MoviePass’s finances show it’s a deal that really is too good to be true

For $9.95 per month, MoviePass will allow you to see one 2D movie per week (or up to four per month) in participating movie theaters (this is different from the company’s previous plan, which allowed yo to see one movie per day for the same cost). Since this is less than the price of a usual movie ticket, it’s a pretty sweet deal.

The thing that many have wondered is how MoviePass is making money because after all, the company is paying theaters full price for movie tickets. Now, some new insight provided by a Business Insider report shows that an external auditor has “substantial doubt about the Company’s ability to continue as a going concern” based on MoviePass’s 10-K filing.

The auditor, Rosenberg Rich Baker Berman & Co., had specific concerns about the negative cash flows that MoviePass reported. Due to the level of losses, the auditors are questing the viability of the company over the next year.

Ever since the MoviePass dropped its subscription price last year, the company has attracted over 2 million subscribers. The issue here isn’t the fact that they’re attracting subscribers but the fact that with the current business model, each customer costs them money every time they go see a movie. This is the reason why they reported a $150.8 million loss.

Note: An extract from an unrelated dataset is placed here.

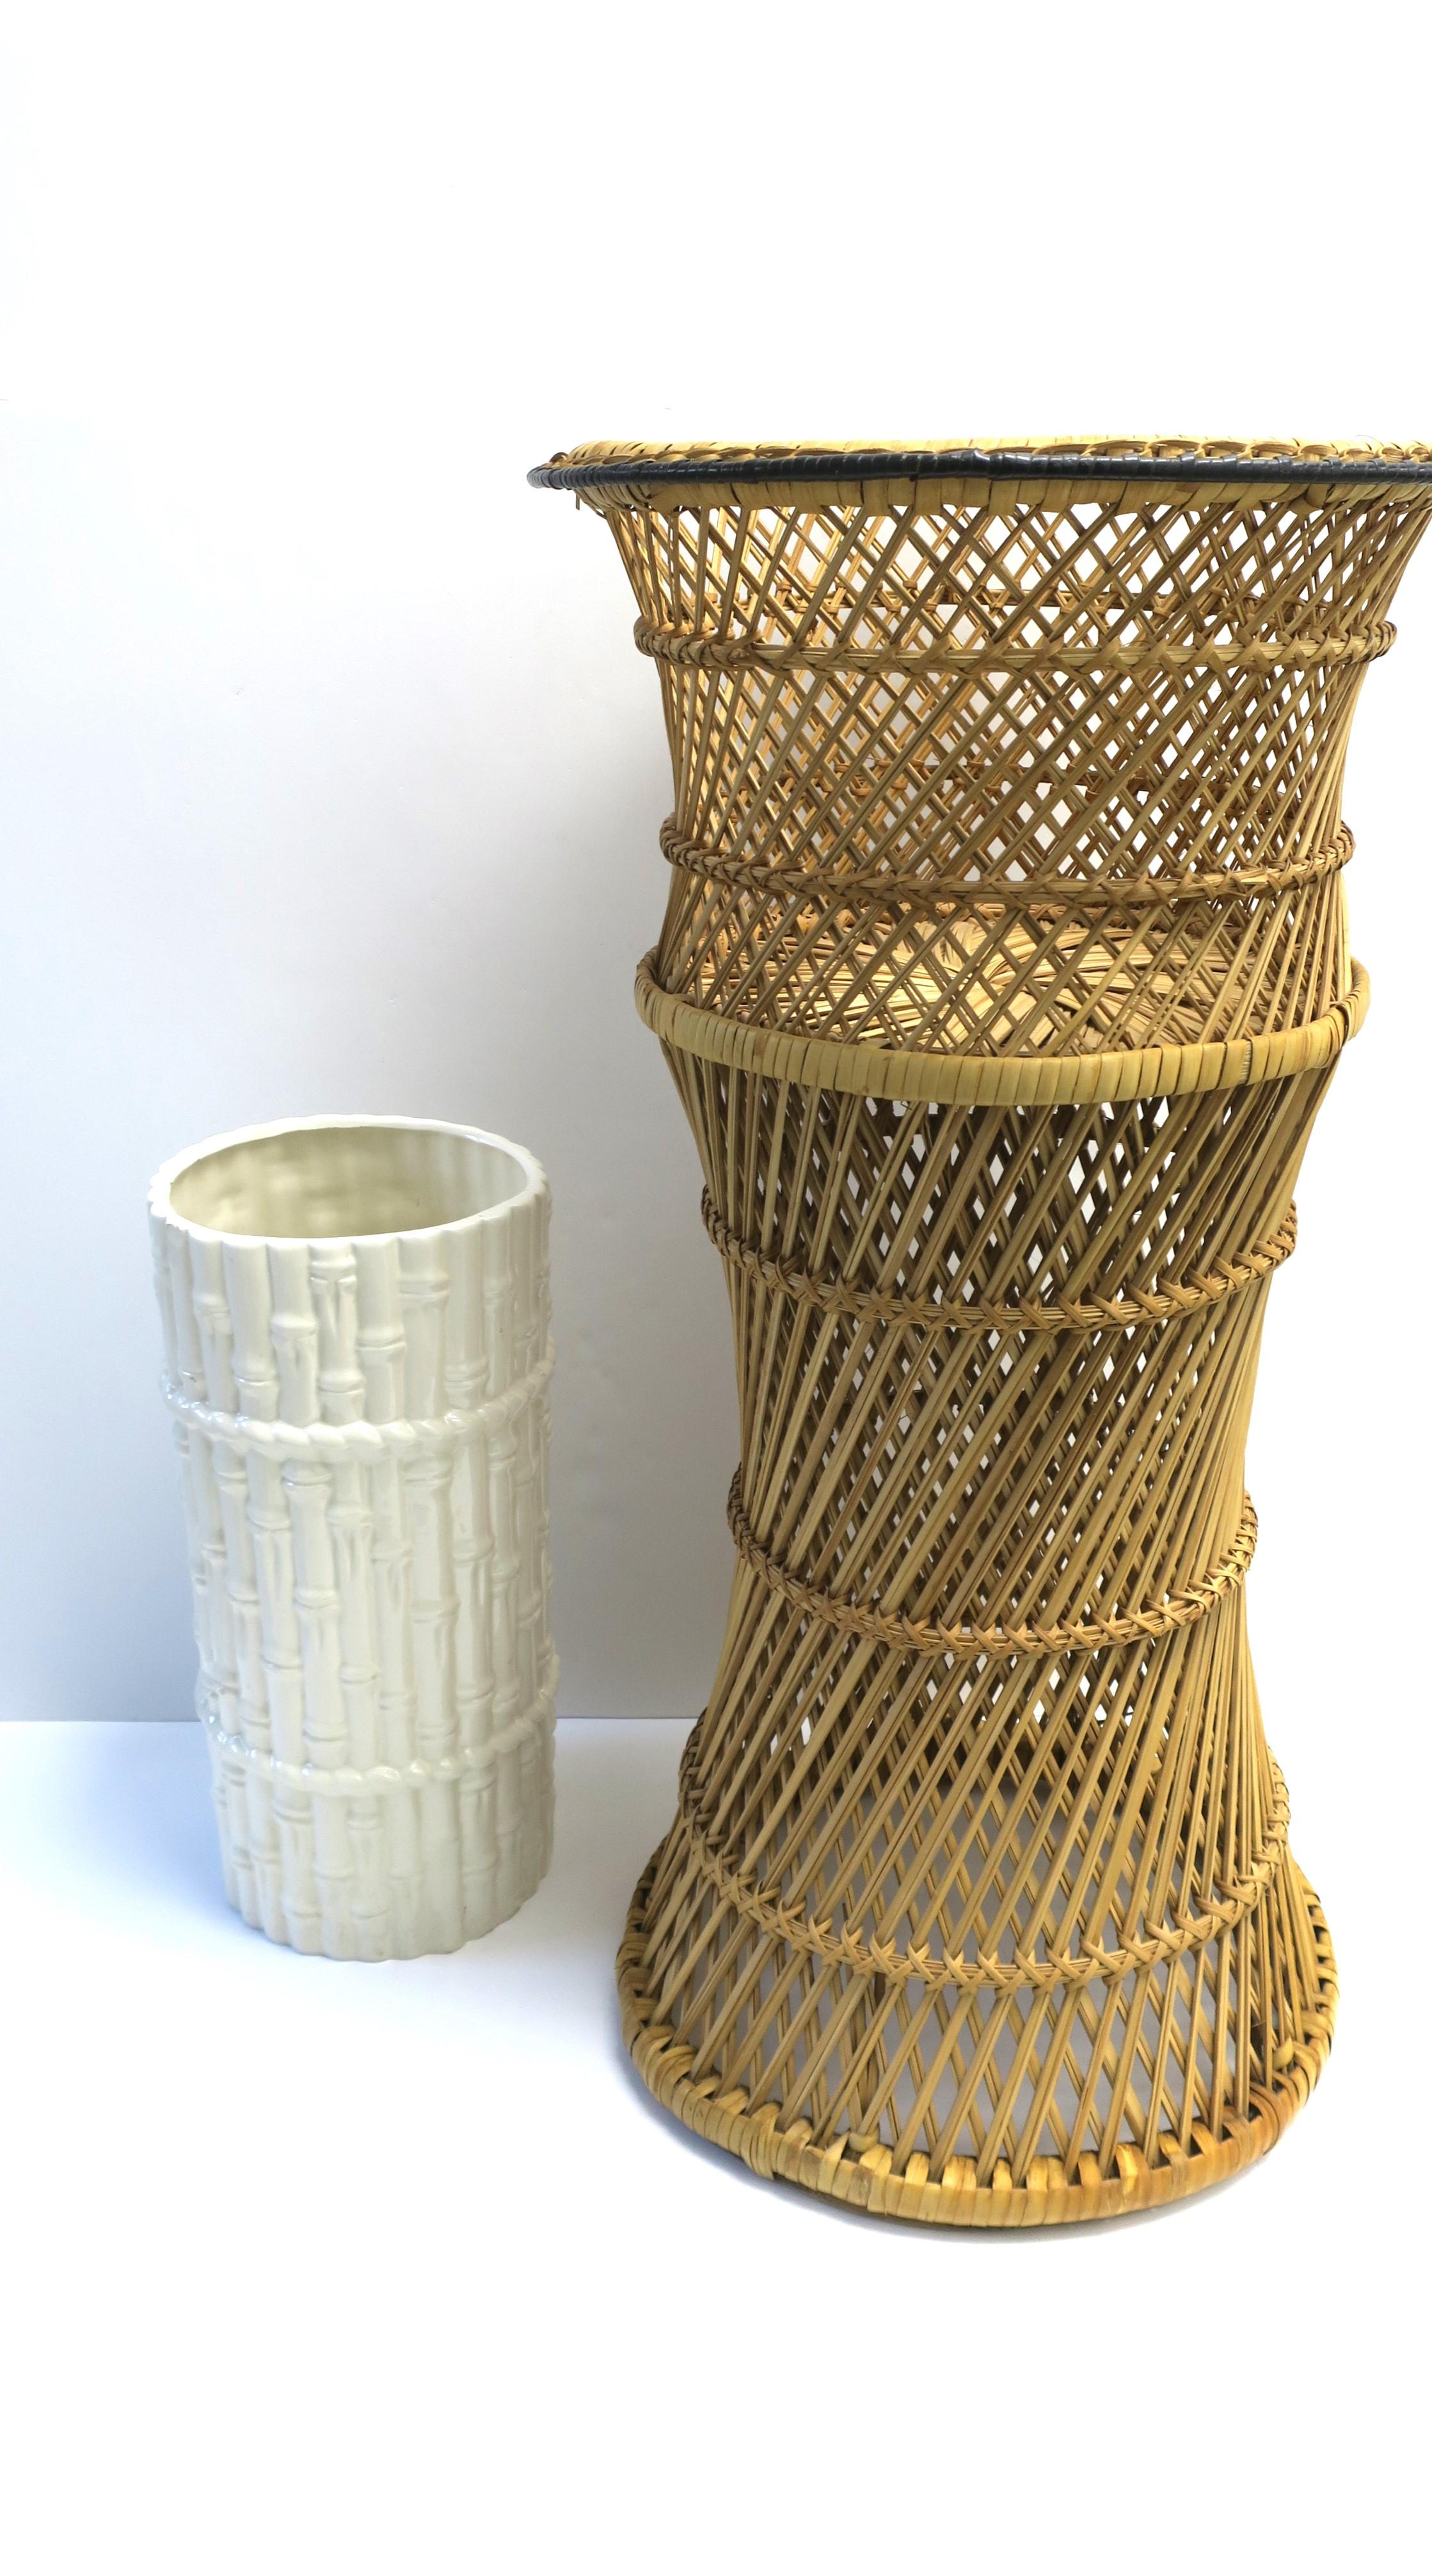 20th Century Umbrella Holder Stand with Bamboo Design, circa 1980s For Sale

While the company reported losses, it isn’t uncommon for a startup to go through cash while it’s trying to get everything up and running. Though, the concern here is that MoviePass needs to develop a business model that is profitable, but for now, the company is relying on outside investment for funding, as many startups usually do.

Hamza Khalid

Hamza Khalid is the Lead Editor at The Jolt Journal. You're more than welcome to follow him on Twitter and follow The Jolt Journal on Twitter and Facebook. If you have any questions, concerns, or need to report something in this article, please send our team an email at [email protected]. This story may be updated at any time if new information surfaces.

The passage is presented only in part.